The Defense Department’s inspector general alerted the Army in a May 2014 audit that workers from DynCorp International used by Northrop on a Counter Narco-Terrorism Technology Program lacked qualifications. It concluded that Northrop Grumman “did not properly charge labor rates” for work performed for almost six years through March 2013. Army records show Northrop retained the contract through 2016 and received at least $681 million.

The support contract that spawned the dispute called for providing “critical equipment, material and services” for Army counternarcotics efforts. Northrop subcontracted to DynCorp for spare parts, maintenance and training for Afghan Army and Ministry of Counternarcotics efforts.

Illustrating the complexities of acting on such findings, the Army Contracting Command says its review was delayed until December 2016 by a Justice Department investigation that didn’t result in criminal or civil charges.

Continuing Review

The Army then began a separate administrative review that continues with no end in sight. “We must complete our analyses before we can determine if Northrop Grumman owes any refund,” command spokesman Ed Worley said in an email.

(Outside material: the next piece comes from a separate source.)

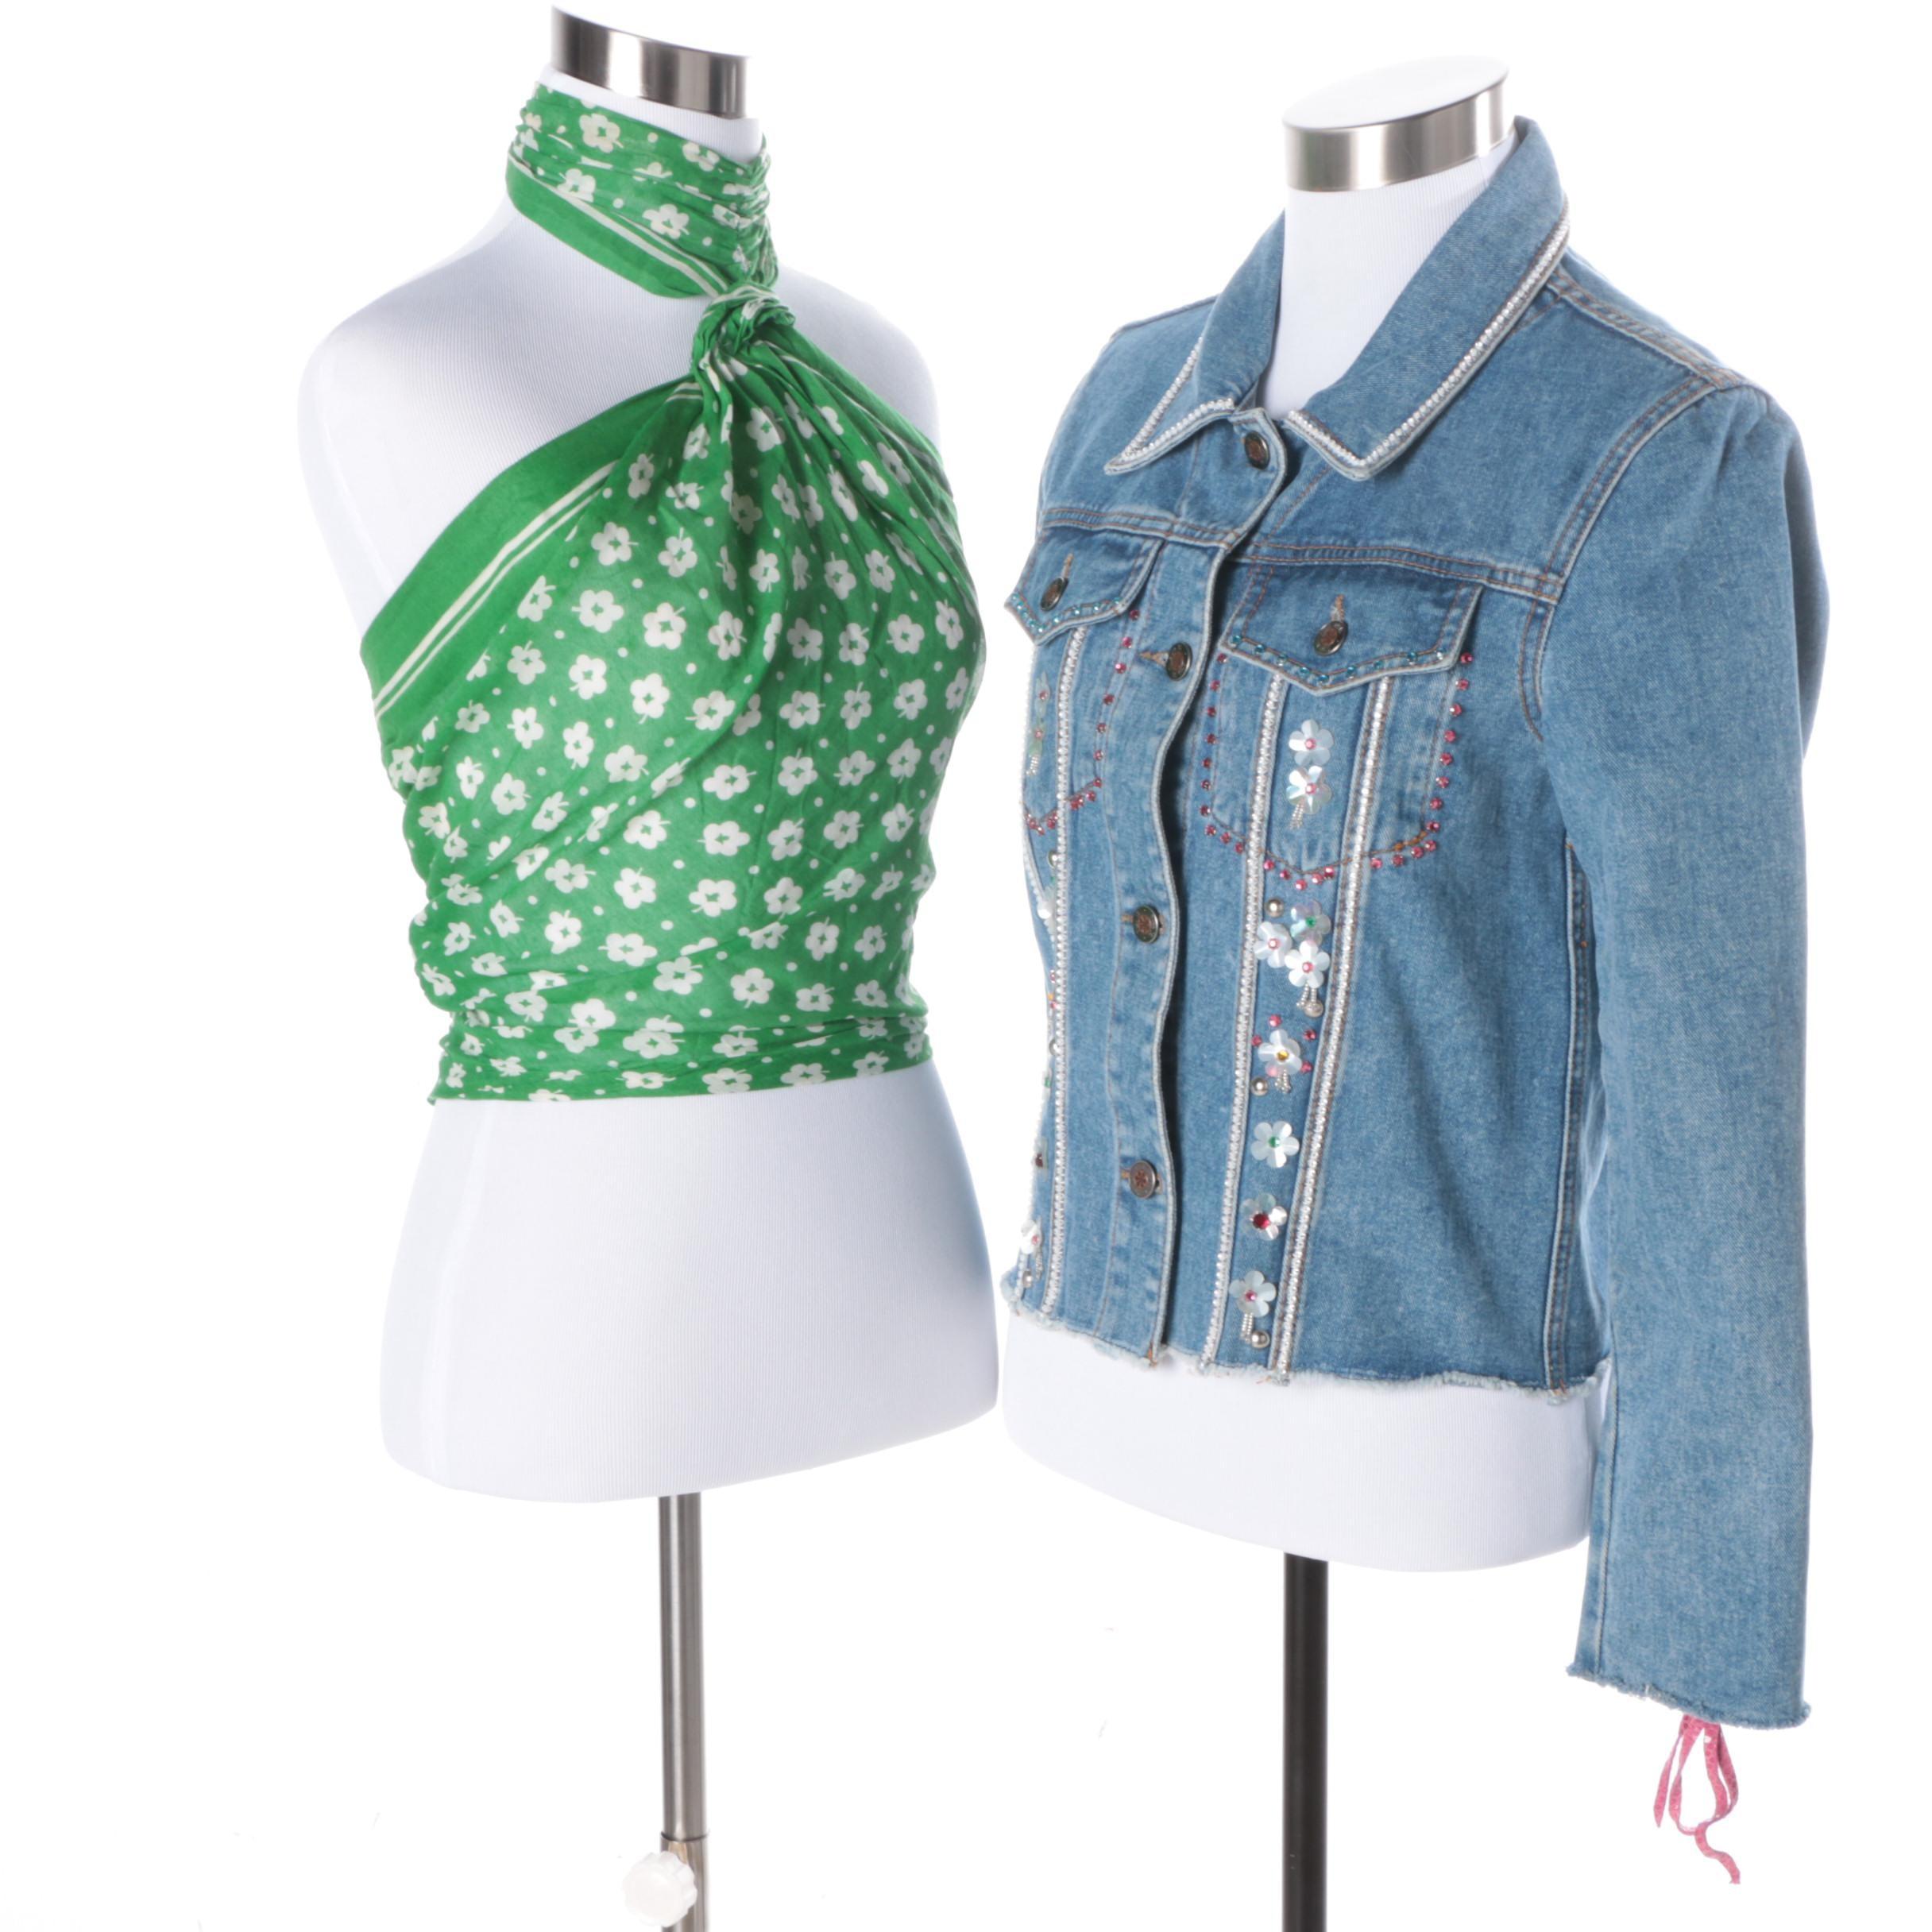 Embellished Denim Jacket and Cardinali Sample Halter Top

The command requested additional data from Northrop and in December 2017 asked for an audit from the Defense Contract Audit Agency. Northrop turned over thousands of gigabytes of data, which the Army is reviewing. The service told the inspector general that “due to the magnitude of the data being reviewed,” command personnel “did not have a projected completion date,” the watchdog office said in a recent status report.

Tim Paynter, a spokesman for Falls Church, Virginia-based Northrop Grumman, declined to comment. Mary Lawrence, a spokeswoman for DynCorp International, which is now owned by private equity firm Cerberus Capital Management LP, said in an email that “we are not allowed to comment” on the contract dispute.

From October 2007 through March 2013, Northrop Grumman officials submitted labor charges of almost $153.6 million for 493 DynCorp employees. The inspector general recommended that the Army review the eligibility of 360 of 460 employees to determine if they met the labor qualifications and to verify the resumes for the remaining 33 employees after Northrop couldn’t provide them.

Relying on Northrop

Army contracting officers “did not verify contractor employees met minimum qualifications because they relied on Northrop Grumman” to do this, according to the audit.

In one example cited, Northrop Grumman identified a DynCorp employee as a program manager and billed 5,729 hours over 18 months totaling almost $1.2 million.

“However, the DynCorp employee did not meet the labor qualifications specified in the contract because he did not have a bachelor’s degree” and wasn’t qualified to be a program manager, the inspector general said.

In a phrase invoking the familiar presidential exhortation on how to save defense dollars, the inspector general said in the status report that it’s “imperative for DoD contracting officers to validate that contractors and subcontractor’s employees are qualified to accomplish the required work in an effort to avoid waste and abuse of government funds.”